ECHN President Peter Karl says the company has to cut expenses by 15 to 20 percent, and the communities it serves have an interest in knowing how this would be accomplished, especially since one option would be to close Rockville.

Two recent public hearings called by ECHN and Prospect provided little useful information. While Prospect said it planned to keep nearly all ECHN employees, honor union contracts, and maintain Rockville, it would not respond to the  Journal Inquirer's {of Manchester, Conn.} questions about how it might exact savings from ECHN's operations.

Maybe some hints will be obtained from Prospect by the state attorney general's office and health department, which will supervise the sale of ECHN and have asked Prospect for answers on about 50 issues.

Even so, Prospect is not likely to offer any long-term guarantees. Its plans will be good only until they change, and medicine is changing fast, in part because of government's increasing interventions, largely matters of shifting and concealing costs.

Part of that cost shifting and concealment will be the annual property tax revenue Manchester and Vernon expect to receive upon conversion of ECHN's hospitals from nonprofit to profit-making status, revenue estimated at $4.4 million. That windfall will be generated by increasing hospital charges to insurers and patients, reducing compensation to hospital employees, or exacting efficiencies in hospital operations, efficiencies that Prospect declines to identify.

Since towns never reduce property taxes and since most of their spending goes to unionized town employees who by contract receive salary and benefit increases every year, this cost shifting will transfer money from hospital patients and maybe hospital employees to town employees, cost shifting that will be essentially a tax on illness. Not one person in a thousand will be able to figure it out and instead the blame will fall falsely on medical insurers.

Every business operation can be more efficient. For example, it's not clear why ECHN's top executives should continue to be so highly paid while the company operates at such a loss. Having already negotiated two sales agreements, first with Tenet and now with Prospect, ECHN's management must have pretty good ideas of where cuts could be made, just as Prospect's management does, having bid for a money-losing company.

But even if state government pries some of these ideas out of Prospect and they cause controversy, what is the alternative to the sale of ECHN? Maintaining the hospitals as nonprofit, locally focused operations and deciding on and implementing the necessary efficiencies on the basis of community interest and participation would be possible only with much civic engagement, and that no longer seems available.

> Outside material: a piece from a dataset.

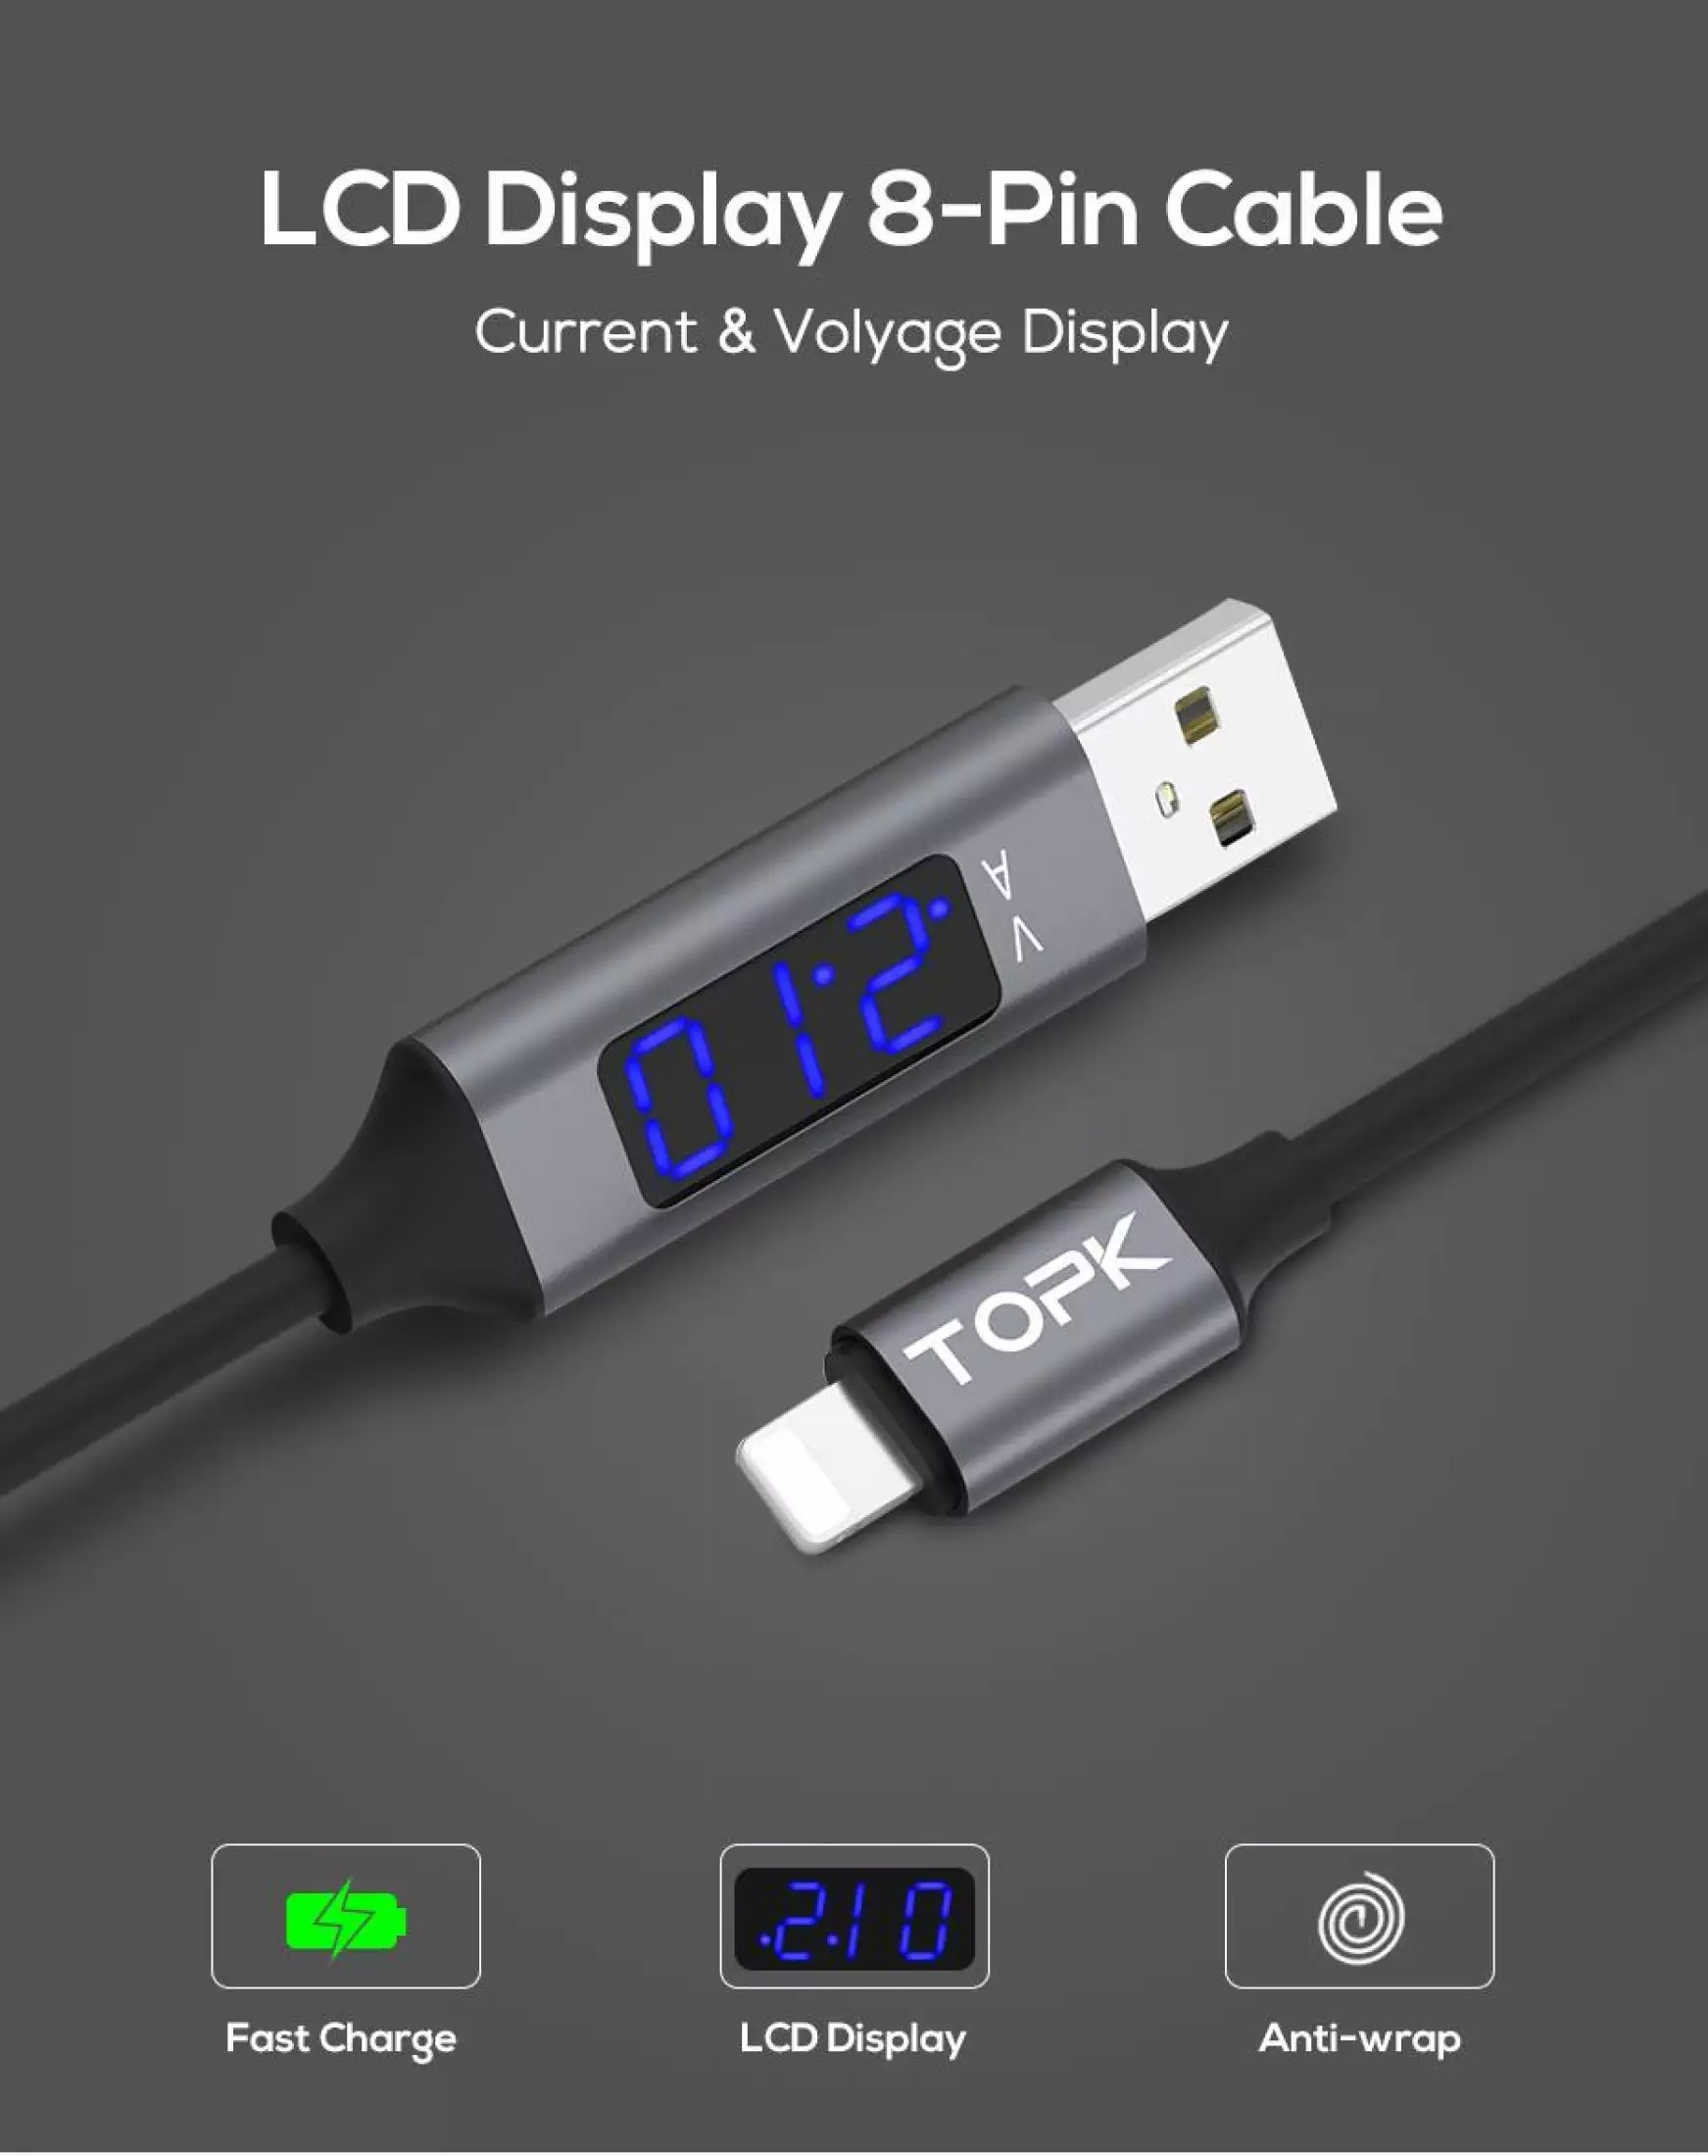 HÀNG CHÍNH HÃNG - Cáp sạc AC32 USB - Iphone đồng bộ dữ liệu màn hình LED hiển thị điệp áp và dòng điện cho điện thoại Iphone XR 6 7 8 X Xs XS giá tốt - Phân phối bởi TOPK VIỆT NAM

ECHN's board of trustees long has been compromised by self-dealing and conflicts of interest, some of its members receiving large payments from the company, and the company's 232 corporators -- the company's ultimate authority -- members of the communities served by ECHN, have been indifferent to this and to the board's long failure to get expenses under control. Indeed, last month when the corporators approved the sale of the company to Prospect, 27 percent of them didn't even vote. Why have they been purporting to serve as corporators?

As civic engagement declines, only  profit will be left to run hospitals and all sorts of  other things that once were run in pursuit of the public interest. It will be a very different world.

Chris Powell is managing editor of the Journal Inquirer, in Manchester, Conn.